Exercise:
An exact copy of the entries is needed, with every picture left out.

Source material:

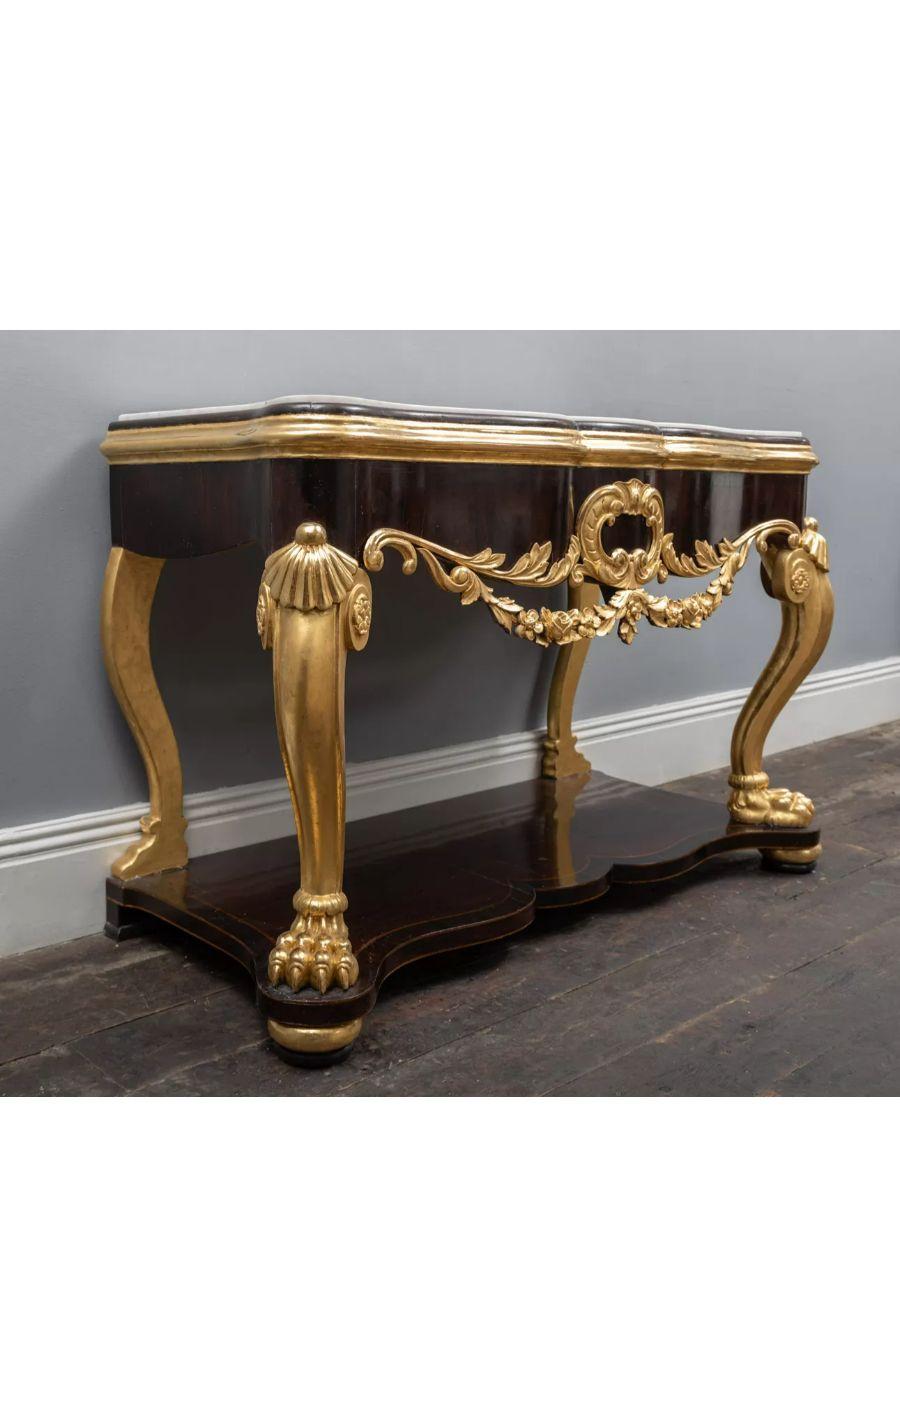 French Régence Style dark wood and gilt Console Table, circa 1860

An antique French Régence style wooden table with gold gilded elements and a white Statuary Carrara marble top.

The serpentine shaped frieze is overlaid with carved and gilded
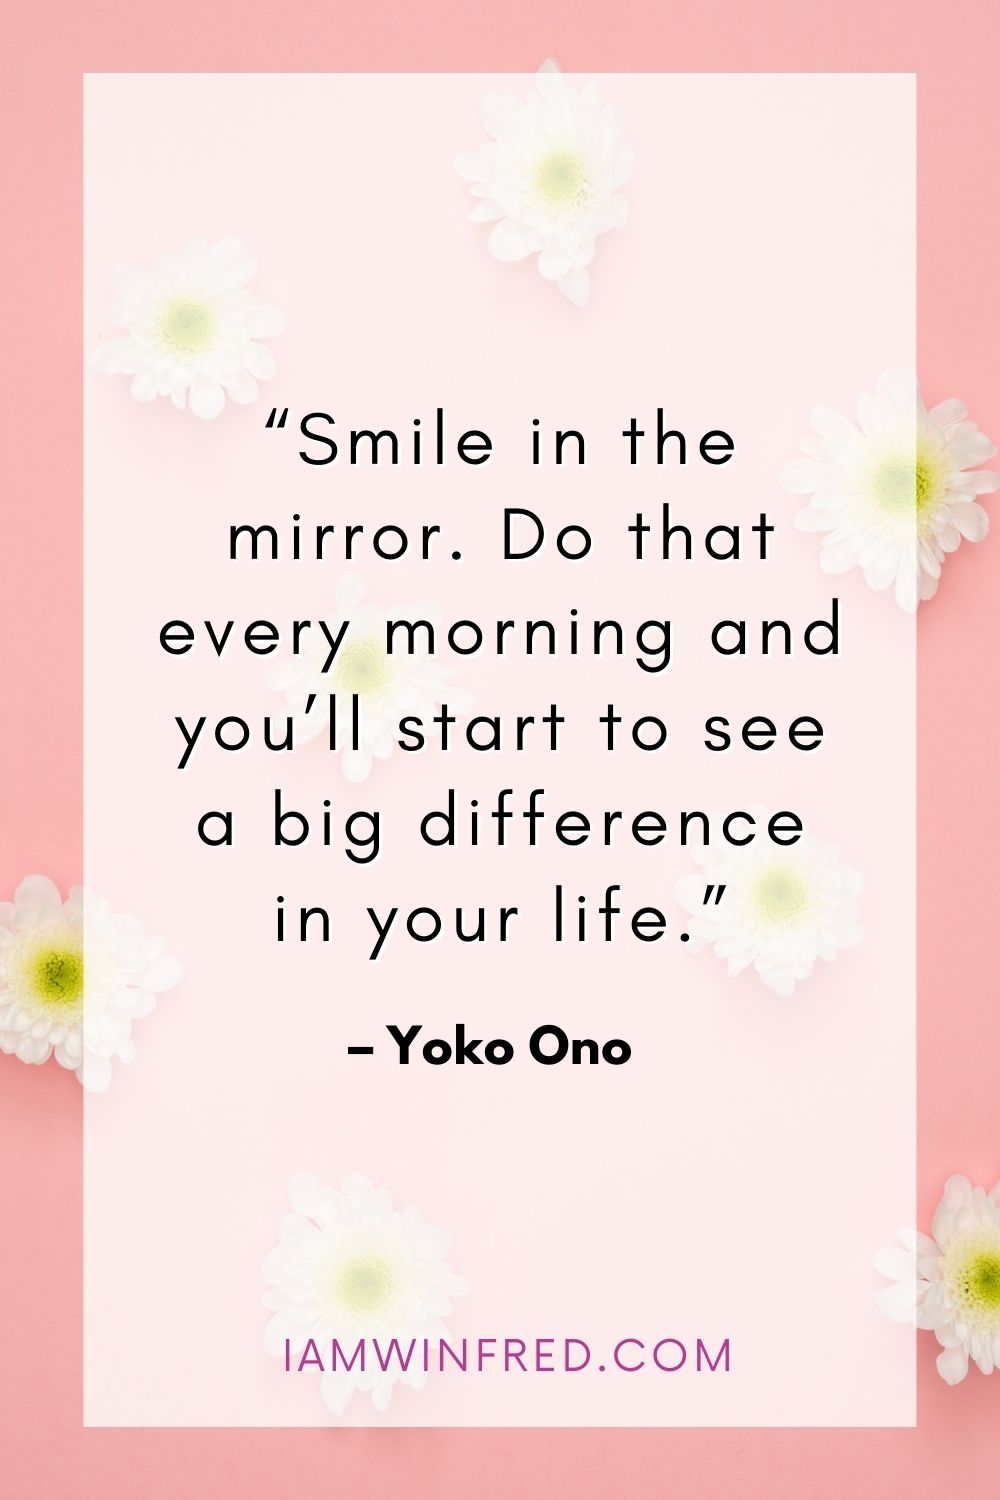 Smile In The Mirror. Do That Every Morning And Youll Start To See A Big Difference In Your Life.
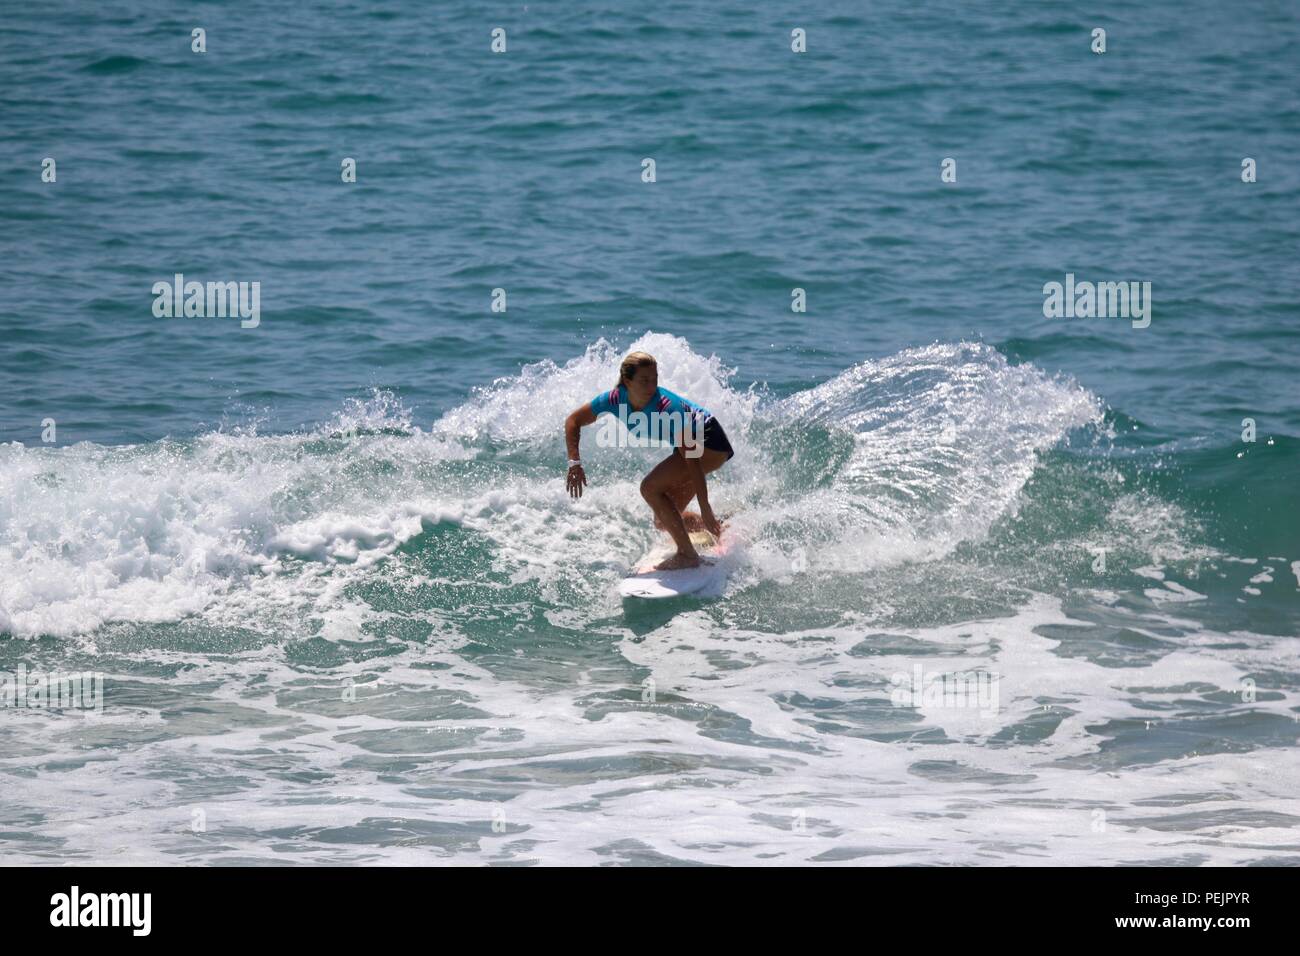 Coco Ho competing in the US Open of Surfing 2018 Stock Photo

Answer for the task:
 French Régence Style dark wood and gilt Console Table, circa 1860

An antique French Régence style wooden table with gold gilded elements and a white Statuary Carrara marble top.

The serpentine shaped frieze is overlaid with carved and gilded
 Smile In The Mirror. Do That Every Morning And Youll Start To See A Big Difference In Your Life.
 Coco Ho competing in the US Open of Surfing 2018 Stock Photo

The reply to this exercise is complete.